Issue of Data Update Failure in TiDB Cluster

Note:
This topic has been translated from a Chinese forum by GPT and might contain errors.

Original topic: 关于TIDB集群更新数据失败问题

| username: TiDBer_mZMtuKD6

[TiDB Usage Environment] Testing
[TiDB Version] V6.1
[Reproduction Path] In our scenario, there are 2 processes. The first one sends an insert command and then sends a message to the subsequent MQ, after which the process itself closes. The second business process retrieves the message and continues the business, then updates the record, e.g., type=4. In this case, single record scenarios do not fail, but when performing batch tasks, there is a probability of update failure.
[Encountered Problem: Problem Phenomenon and Impact]
[Resource Configuration]*

[Attachment: Screenshot/Log/Monitoring]

| username: TiDBer_mZMtuKD6 | Original post link

I hope everyone can help analyze this~

| username: 像风一样的男子 | Original post link

Can you see updates in slow queries?

| username: Kongdom | Original post link

What is the behavior? Does the update statement report an error, or is the update value incorrect?
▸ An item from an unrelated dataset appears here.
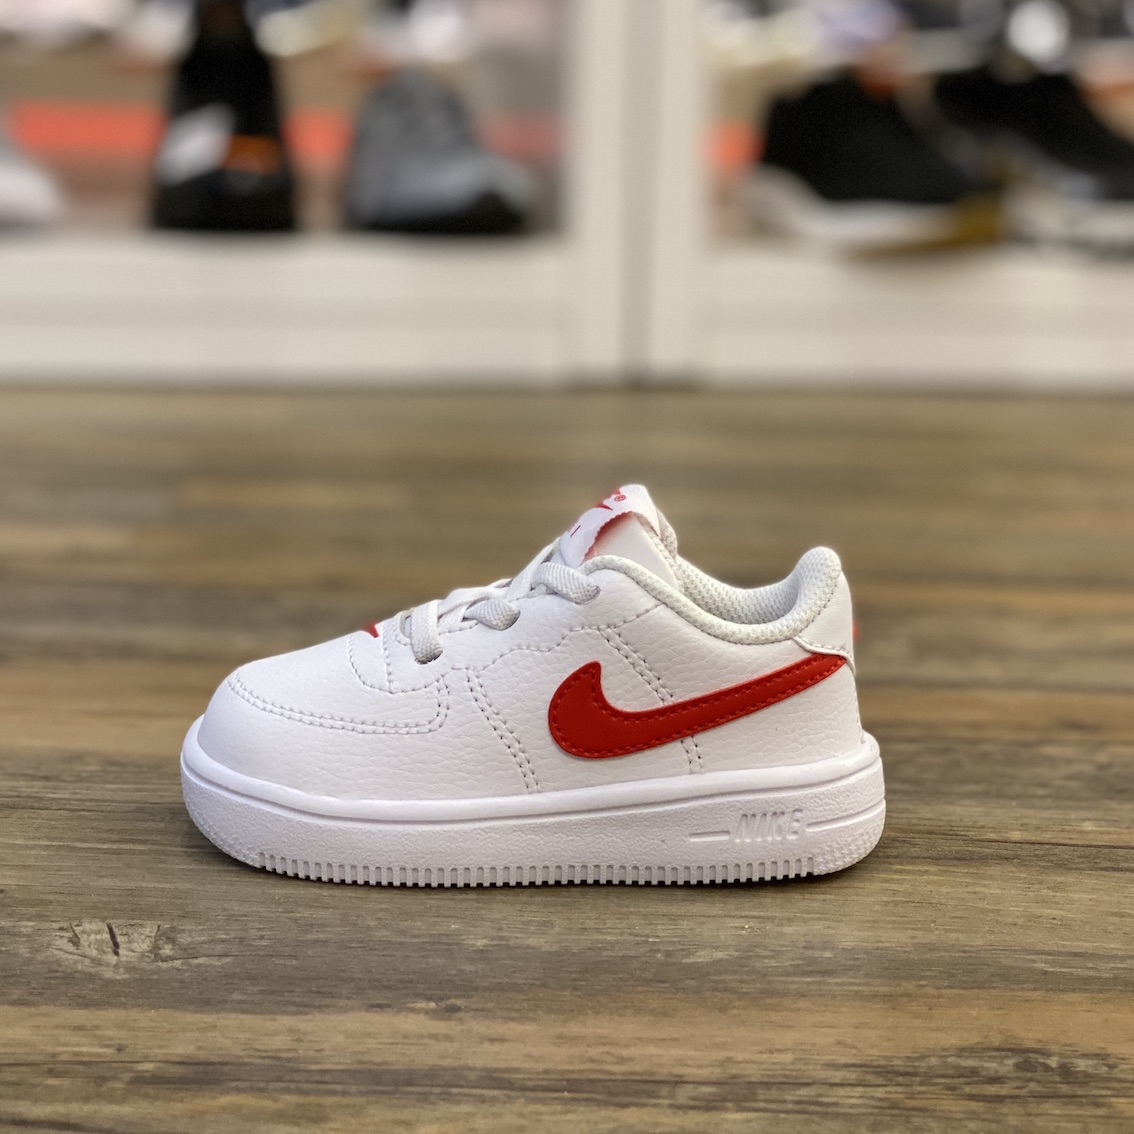 Nike Air Force 1 '18 TD Gr.27 Schuhe Sneaker weiß Jordan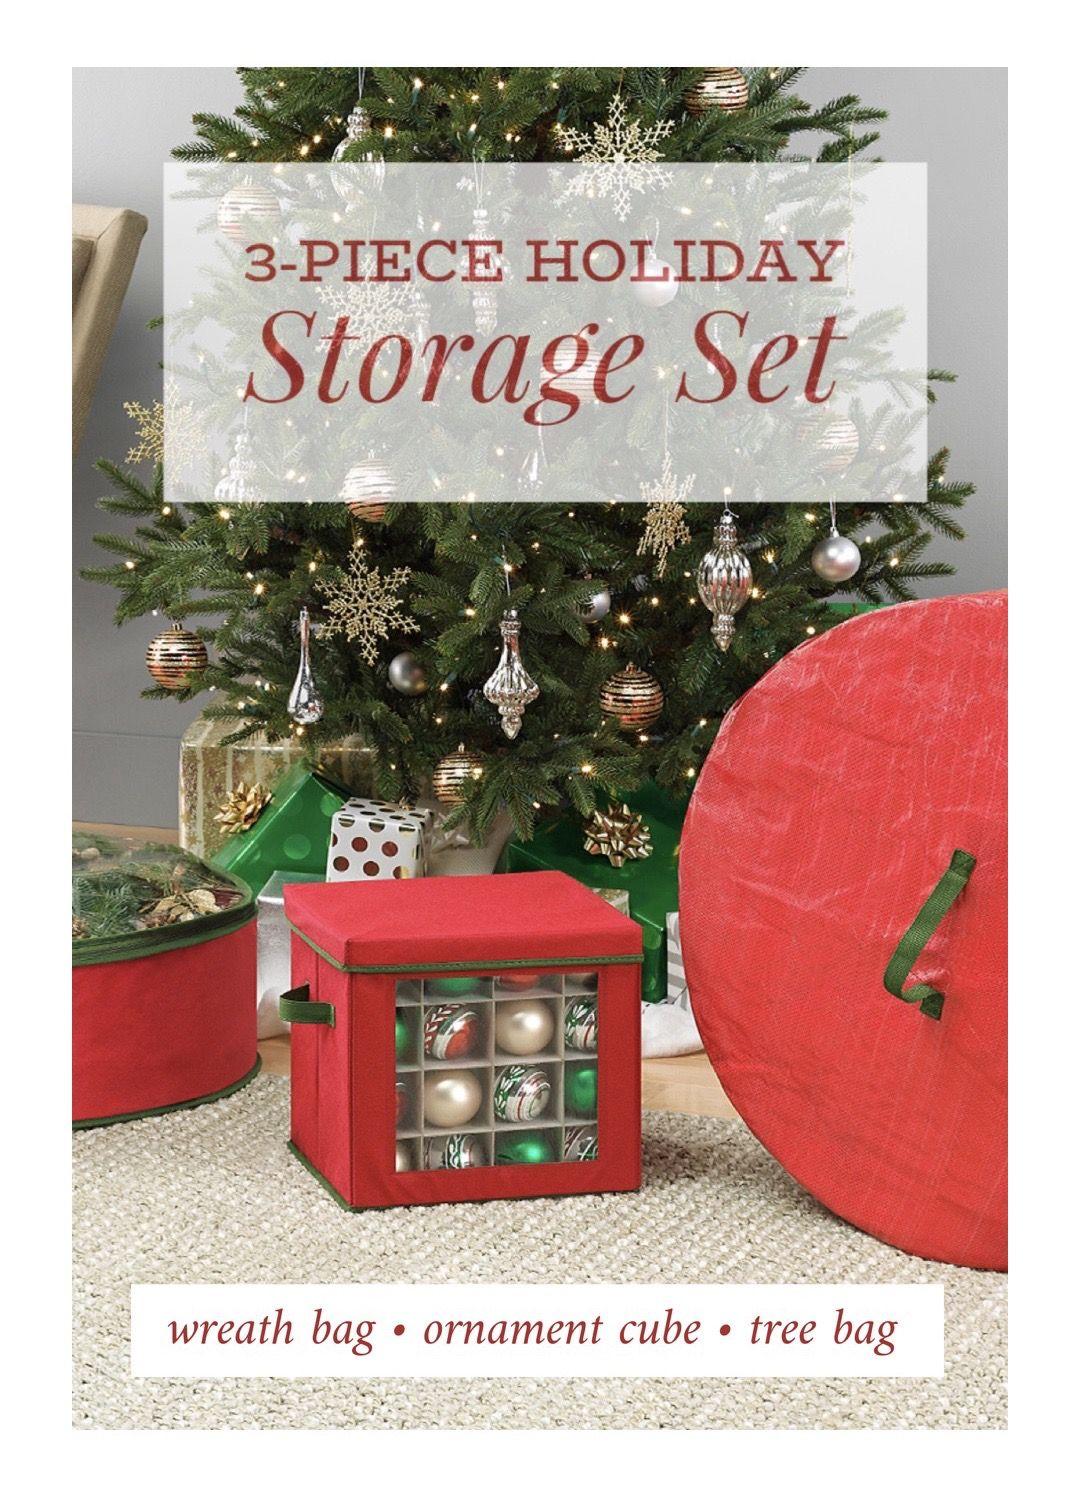 3 Piece Holiday Storage Kit Includes Tree Bag Wreath Bag Ornament Box Ornament Storage Box Holiday Storage Ornament Storage

| username: zhanggame1 | Original post link

There is a probability of update failure. What is the specific failure result?

| username: Fly-bird | Original post link

The update is executed repeatedly, right?

| username: TiDBer_mZMtuKD6 | Original post link

The code layer prints that the number of affected rows returned is 1, but when checking the database, the data hasn’t been updated. After the update, if we fetch the data directly using the code, we can get the updated taskData, but this is only readable within the current process. If we check the data using a DB tool, the data is not updated. Additionally, using another interface to read with the PK also doesn’t retrieve the updated data.

| username: TiDBer_mZMtuKD6 | Original post link

The code layer prints that the number of affected rows returned is 1, but when checking the database, the data hasn’t been updated. After the update, if we fetch the data directly using the code, we can get the updated taskData, but this is only readable within the current process. If we check the data using a DB tool, the data hasn’t been updated. Additionally, using another interface to read with the PK also doesn’t retrieve the updated data. The MQ message is consumed only once, so it shouldn’t be executed repeatedly.

| username: TiDBer_mZMtuKD6 | Original post link

I checked, and there is no such slow query log.

| username: 有猫万事足 | Original post link

It looks like a typical transaction control issue.

You need to pay attention to how your code controls transactions. Is there any framework that has configured a transaction manager to help you start a transaction? Especially in the update process, it seems like a non-auto-commit transaction is opened inside, but it hasn’t been committed.

| username: TiDBer_mZMtuKD6 | Original post link

When we first tested it, if we added a 500ms sleep in the process of executing the update, the update would succeed 100% of the time. Evaluating this as a transaction, it shouldn’t be affected by the 500ms between the insert and update.

| username: TiDBer_mZMtuKD6 | Original post link

Another test scenario involves 10 such tasks, where some updates may be successful and some may not be.

| username: 有猫万事足 | Original post link

Since it’s so easy to reproduce, I strongly suggest you post the code directly. I’ll give it a try as well.

| username: andone | Original post link

Is it blocked or locked again?

| username: 像风一样的男子 | Original post link

Did you execute the update via the console or through code?

| username: Kongdom | Original post link

The probability of this occurring is quite high. I suggest posting the code statements so that everyone can try to reproduce it.

| username: zhanggame1 | Original post link

The number of affected rows returned is always 1. Does that mean there was no commit?

| username: 我是咖啡哥 | Original post link

Lock conflicts during batch processing caused some transactions to roll back.